かつては、Transmetaが初めてCrusoe搭載マシンのデモを行ない、ソニーがCLIEを公開したイベントであるが、ここ数年、来場者は減少傾向にあり、イベントとして苦しい時期となっていた。本来、このイベントは、毎年6月に行なわれていたのだが、昨年には、その時期にCebit USAが入り、TECHXNYは、9月に追い出されてしまった。CebitUSAは、今年も開催されたようだが、来年は開催中止が決まっている。Linux Worldも来年からはシカゴへ移るとのことで、どうも、ニューヨークでのPC/IT系のイベントは、あんまり旗色が良くないようである。
昨年は、時期がちょうどIDFと重なっていたために取材を断念したが、今年は10月5日からであるため、取材してみることにした。もっとも、これが最後のチャンスという感じがしないでもない。
イベントは、基調講演と展示会場、およびカンファレンスという米国イベントの通常スタイル。基調講演は、10月5日がComputer Assosiates(CA)、10月6日がHewlett-Packard(HP)となっている。

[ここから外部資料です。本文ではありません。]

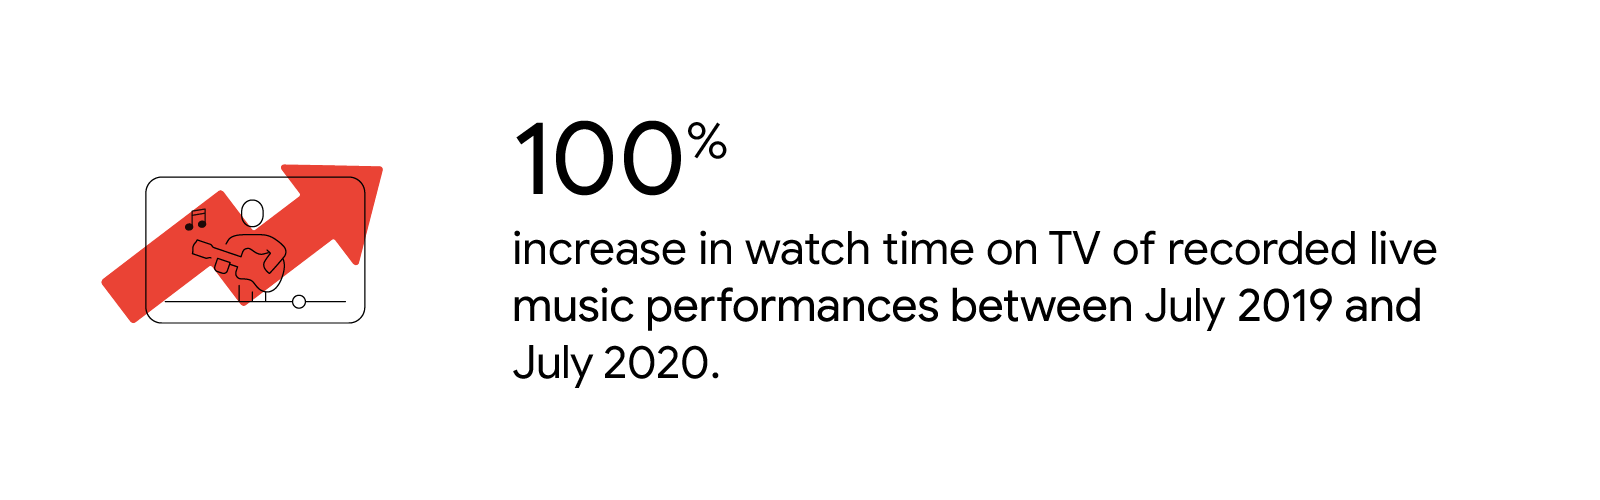 An illustration of a video screen with a person playing guitar represents the 100% increase in watch time on TV of recorded live music performances on YouTube between July 2019 and July 2020.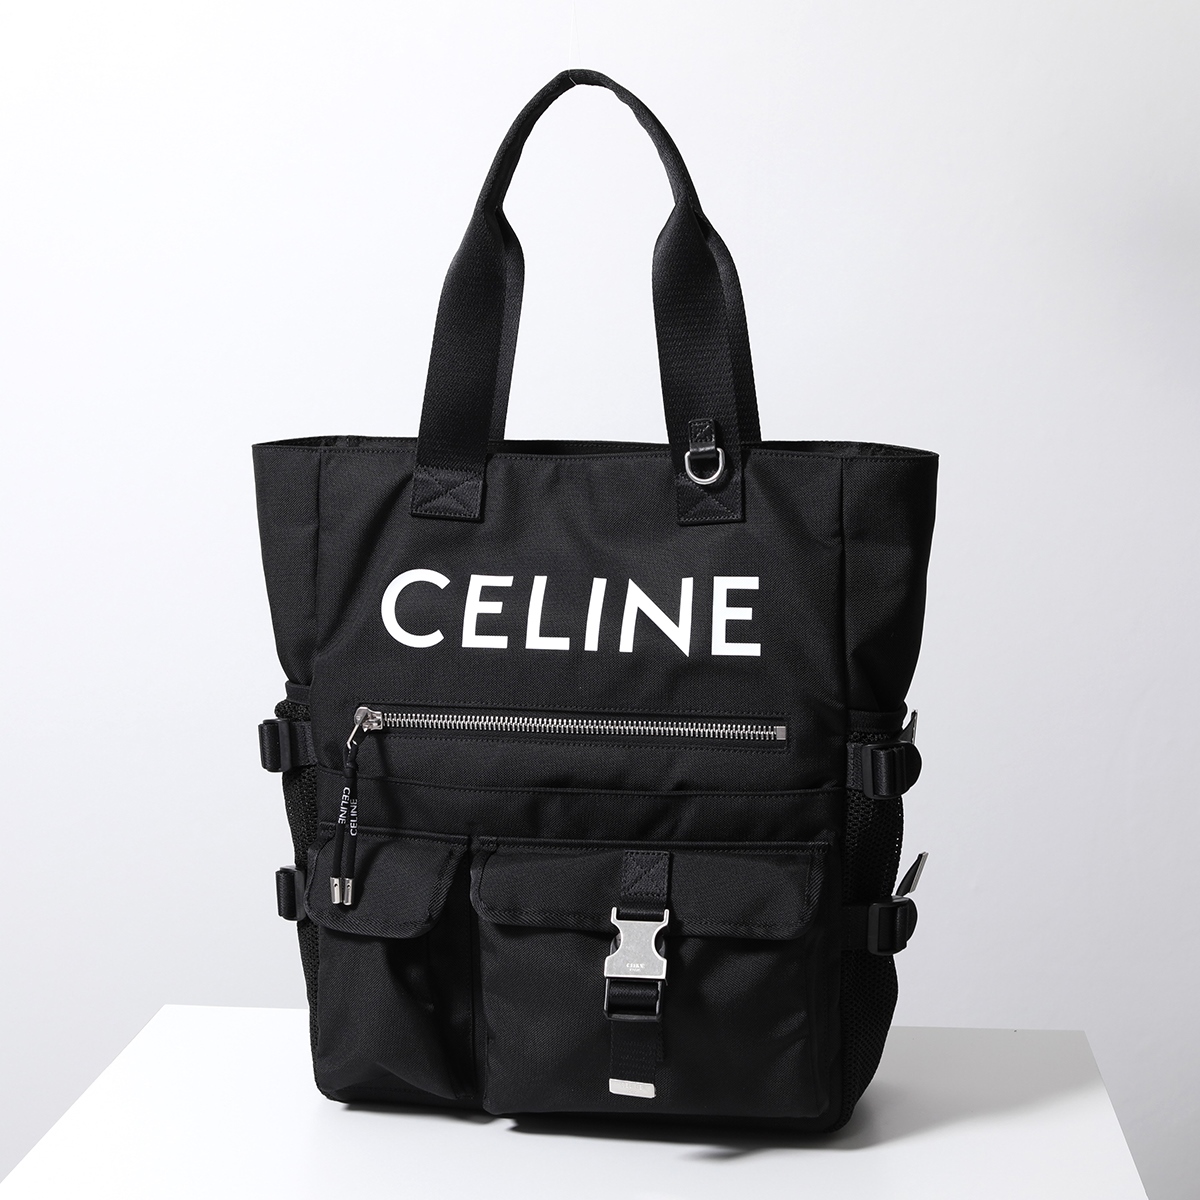 CELINE セリーヌ トートバッグ 116072DMT.38SI メンズ ナイロン ロゴ プリント ショッピングバッグ 鞄 Black｜s-musee｜02

会場となるJacob K. Javits Convention Centerは、2層になった展示会場で、米国のイベント会場としてはそれほど大きなものではない(全体で幕張の1つの展示会場ぐらい)。しかし、TECHXNYでは、その一部だけを使っての開催である。実際には、TECHXNYは、CETEX(Consumer Electronics Trade Expo)、Outsource World、BPO(Business Process Outsourcing event)という複数のイベントが集まっている。主催は、CMP Media、United Bussiness Media社の一部門である。DDJ(Dr. Dobb's Journal)の現在の発行元といっても、DDJって若い人たちは知らないだろう。
●HPはプレスカンファレンスを開催
MicrosoftのAcross Americaで使われる車両 |
さて、初日は、HPのプレス・カンファレンスがあるというので、出席してみることにした。内容は、HPのスモール・ビジネス戦略である。スモール・ビジネス(Small and Midsize BussinessとしてSMBと略すらしい)とは、企業規模にして100人ぐらいまでの会社を指す。日本で言えば、中小企業だ。SOHOほど小さくはなく、会社としての体裁を整える程度には組織化されている会社だ。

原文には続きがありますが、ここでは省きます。